# Nee, ik een verblijf in Peru deze ben more keer



## godofwar

Creo que esta oración esta en Sueco. Alguien puede ayudarme traduciendo al Español por favor?


----------



## moldo

Hola,

Las palabras estan holandes (solo "more" is ingles), pero el oracion no es comprensible.
Literalmente:
No, yo una visita en Peru es soy mas bez. (????)

Groet, moldo


----------



## godofwar

Muchas gracias. Es posible que se traduzca como ESTA VEZ ME QUEDO EN PERU?


----------



## Frank06

Hi,



godofwar said:


> Muchas gracias. Es posible que se traduzca como ESTA VEZ ME QUEDO EN PERU?



It's impossible to 'translate', for the simple reason it cannot be called a Dutch sentence . Any similarity to Dutch is purely coincidential ;-).

Groetjes,

Frank


----------



## godofwar

Waht language is it then?


----------



## Frank06

Hi,



godofwar said:


> Waht language is it then?


As Moldo already pointed out: 
"Las palabras estan holandes (solo "more" is ingles), *pero el oracion no es comprensible.*"

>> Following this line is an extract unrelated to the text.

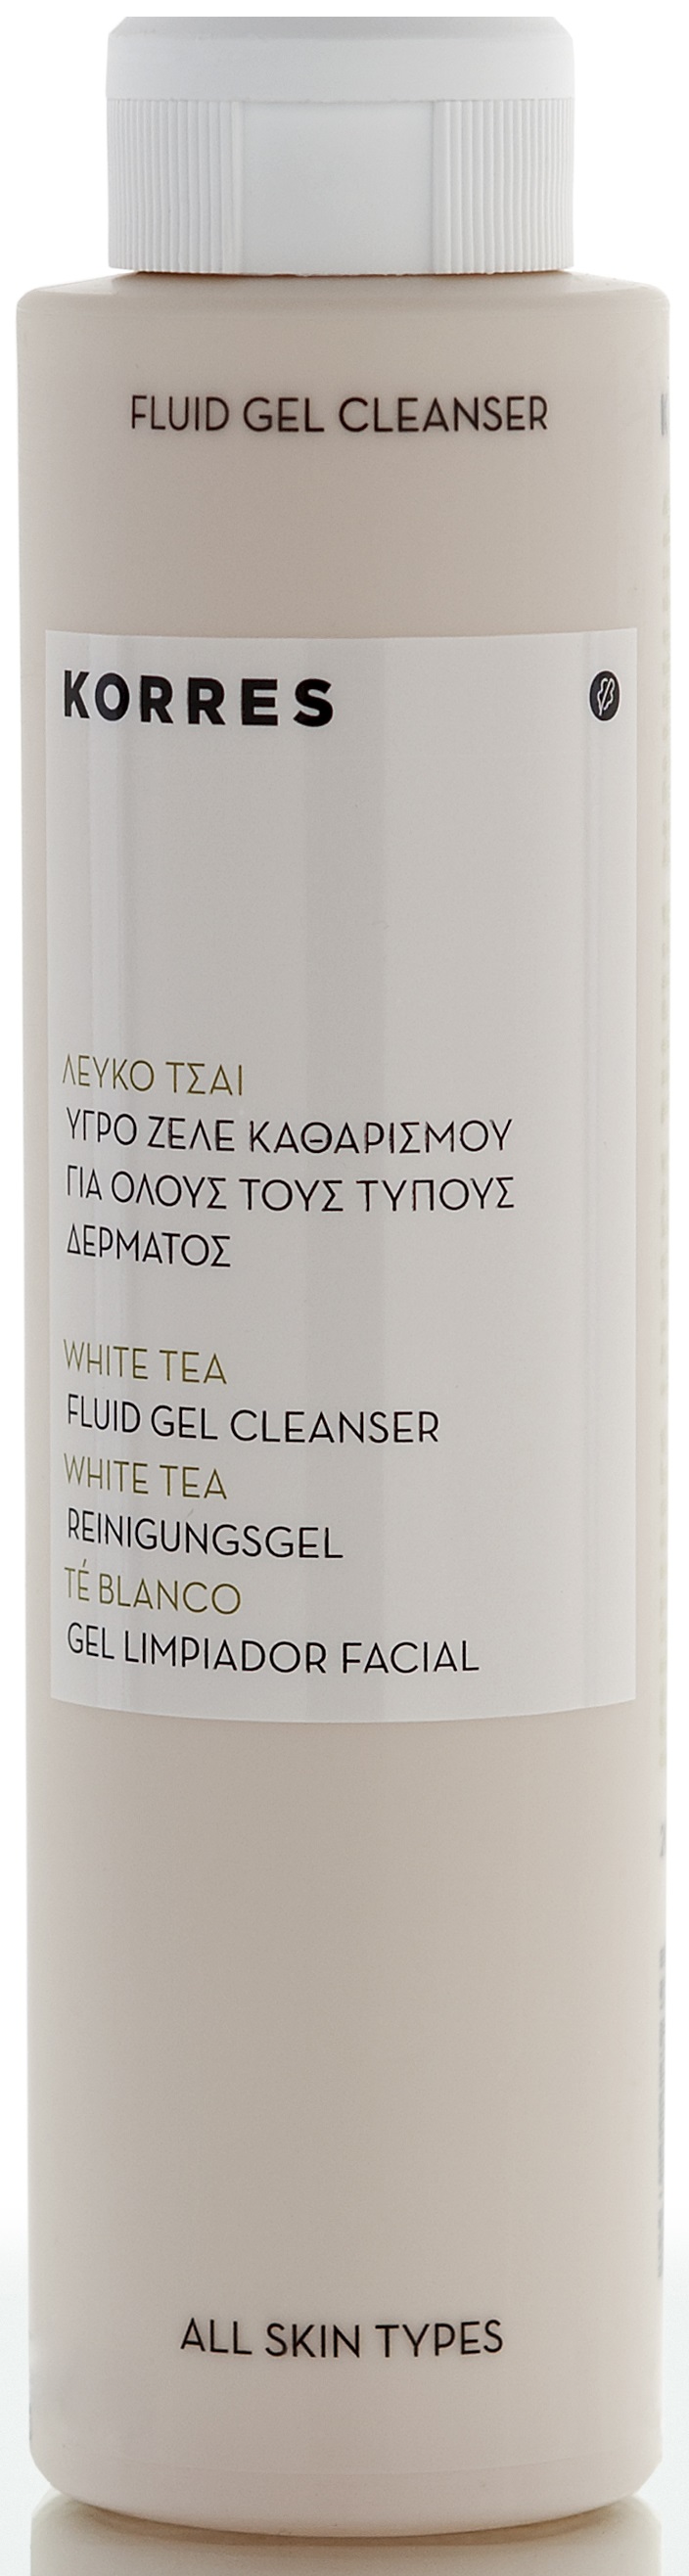 Korres White Tea Fluid Gel Cleanser 200ml

How can we translate an incomprehensible pseudo-Dutch sentence without any kind of context and without guessing wildly?

Groetjes,

Frank


----------



## godofwar

Thank you anyway. I believe it is Swedish


----------



## Frank06

*Hi,*

*I think we have tried to answer your question. One minor detail: the sentence you gave us was "Dutch", but unintelligibly so.*
*Again, as Moldo already pointed out:*
*"Las palabras estan holandes (solo "more" is ingles), pero el oracion no es comprensible."*

*You prefer to doubt that at least 2 native speakers of Dutch don't recognise (bad) Dutch, while at least one of them is a Dutch Second Language teacher whose daily job is to deal with that kind of phrases. **Well, then I can only wish you good luck at the Nordic languages forum .*

*Frank*
*Moderator DF*


----------